_GIVEN INFORMATION_
• • •
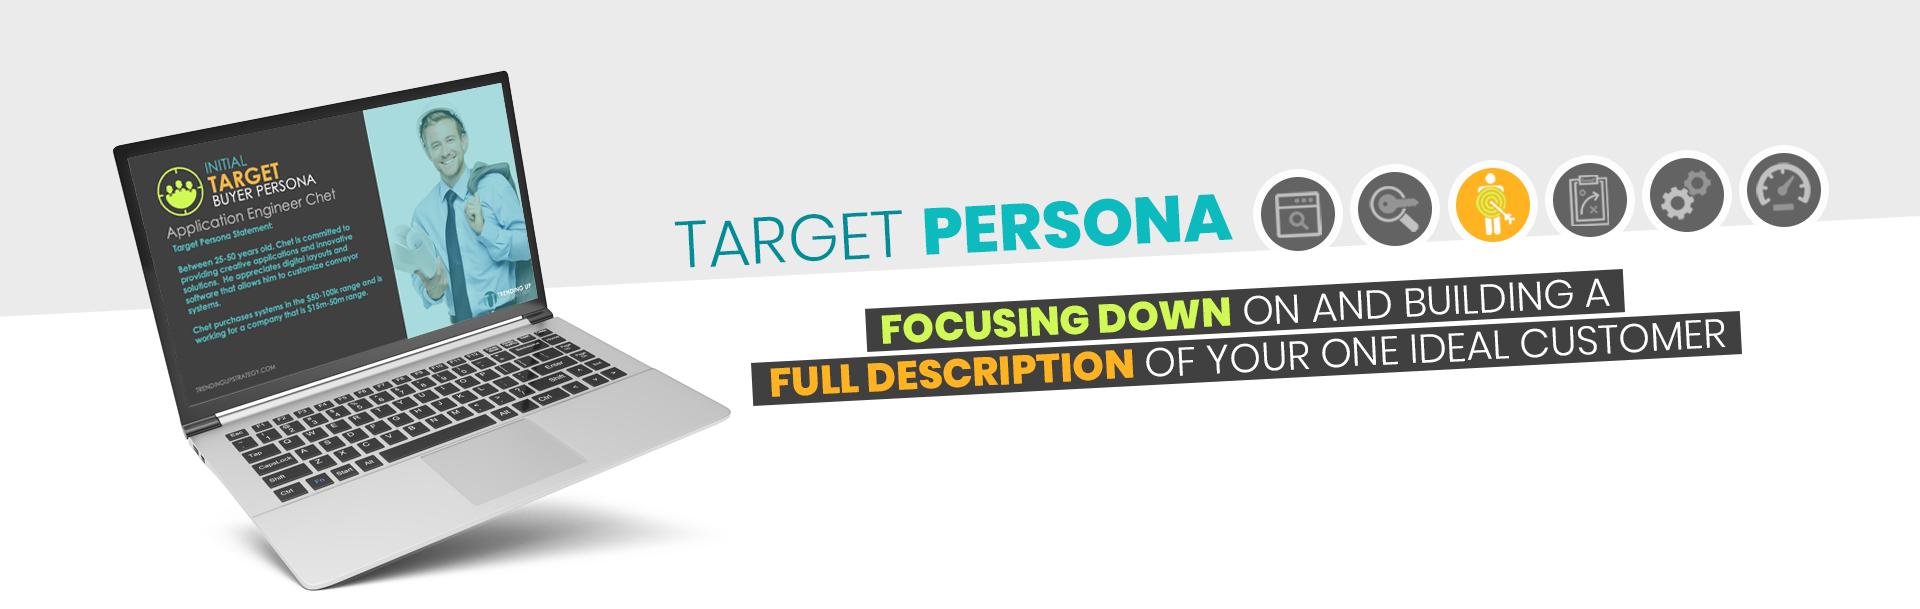 Target Persona - Focus Down
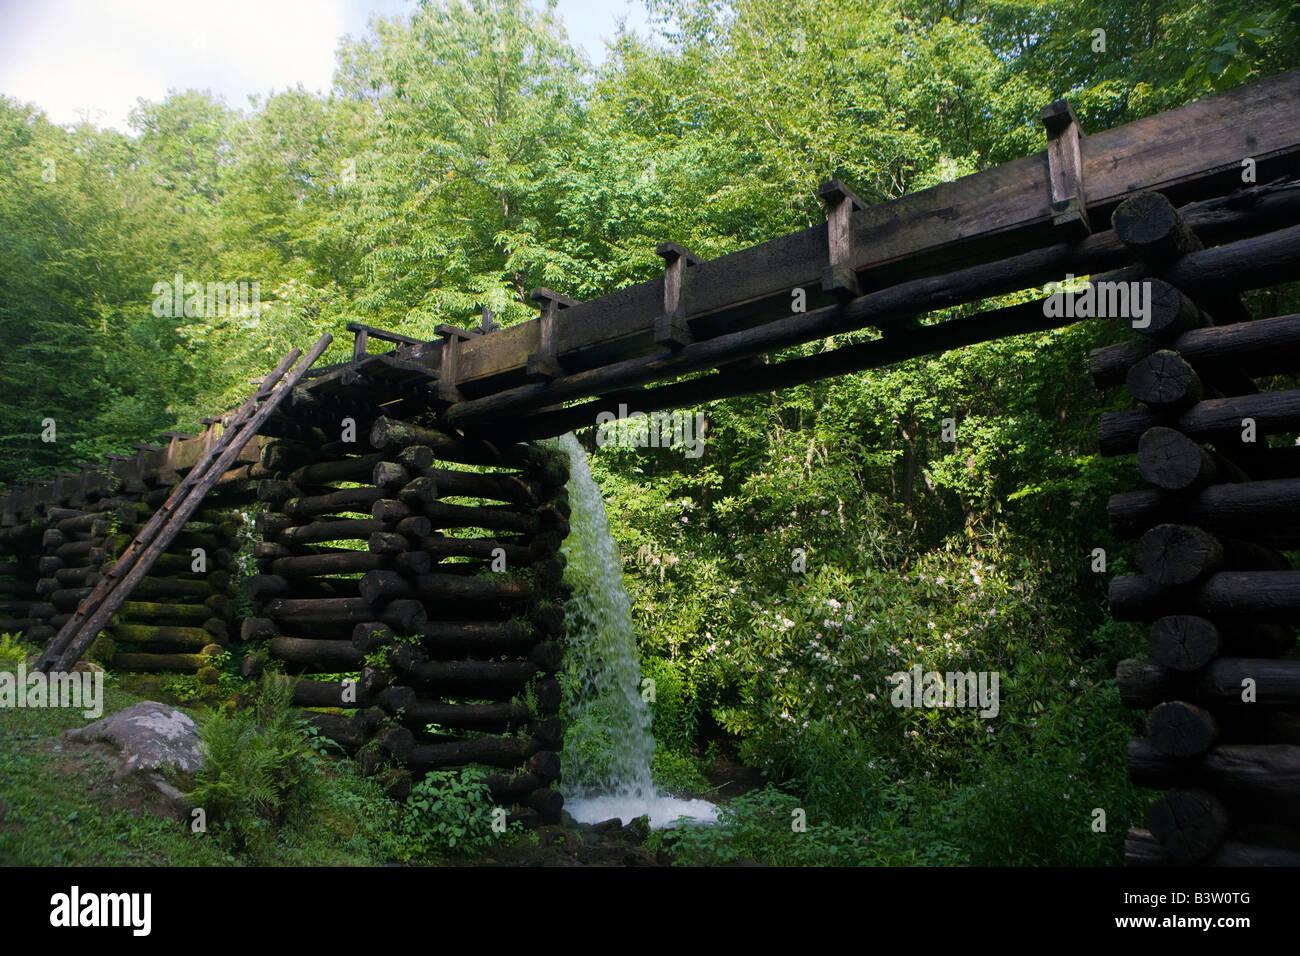 Mingus Mill, Great Smoky Mountains National Park, North Carolina, July 8, 2008 - Stock Image
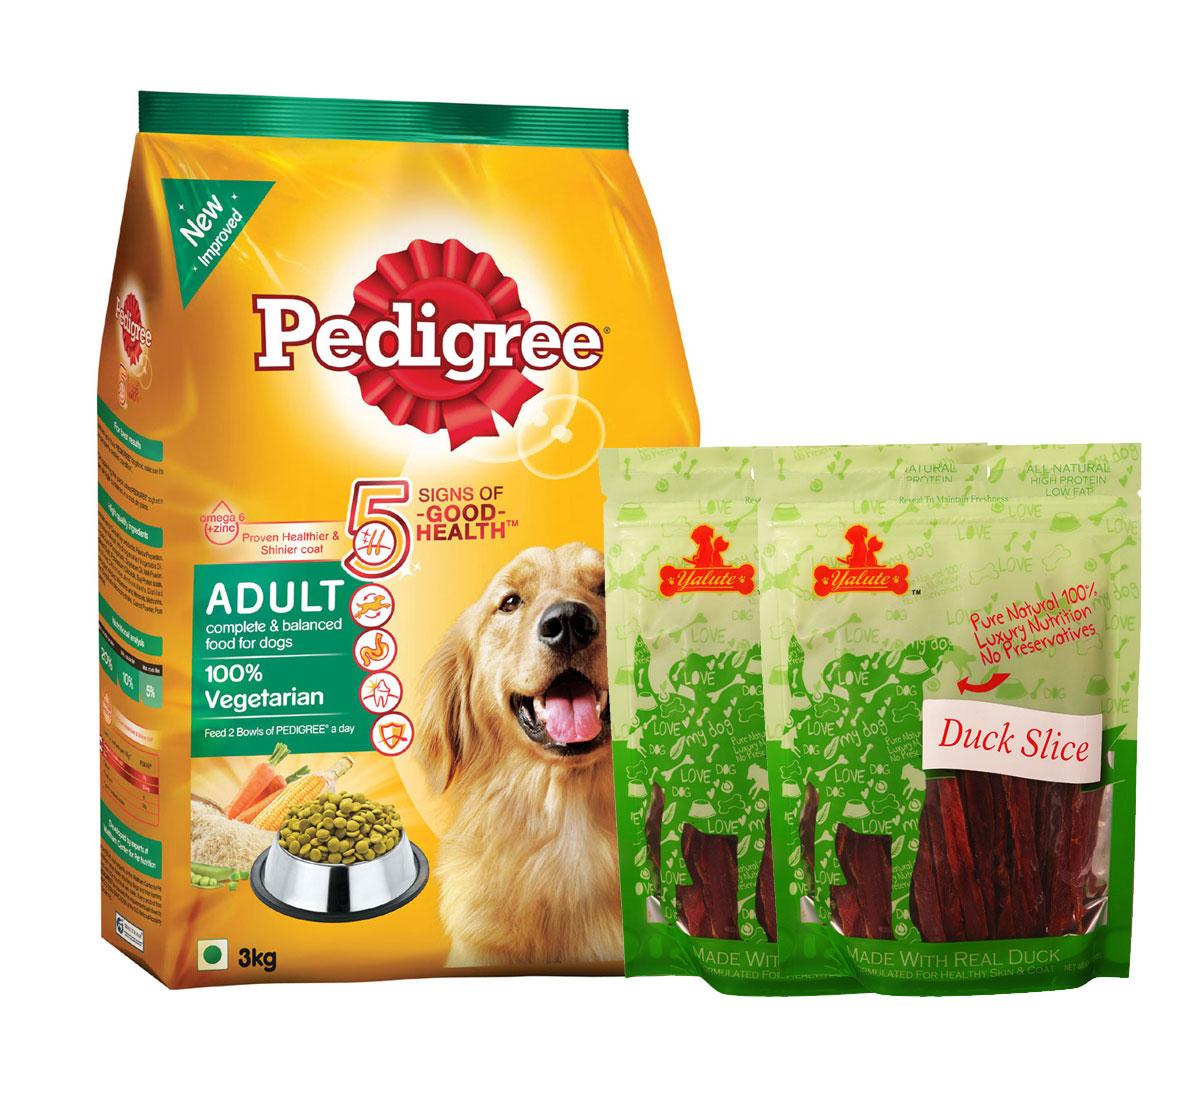 Pedigree Dog Food Adult 100% Vegetarian - 3 Kg  With Duck Slices
• • •
_WORK TO COMPLETE_
Print all data above verbatim, except pictures.

_TASK RESPONSE_
 Target Persona - Focus Down
 Mingus Mill, Great Smoky Mountains National Park, North Carolina, July 8, 2008 - Stock Image
 Pedigree Dog Food Adult 100% Vegetarian - 3 Kg  With Duck Slices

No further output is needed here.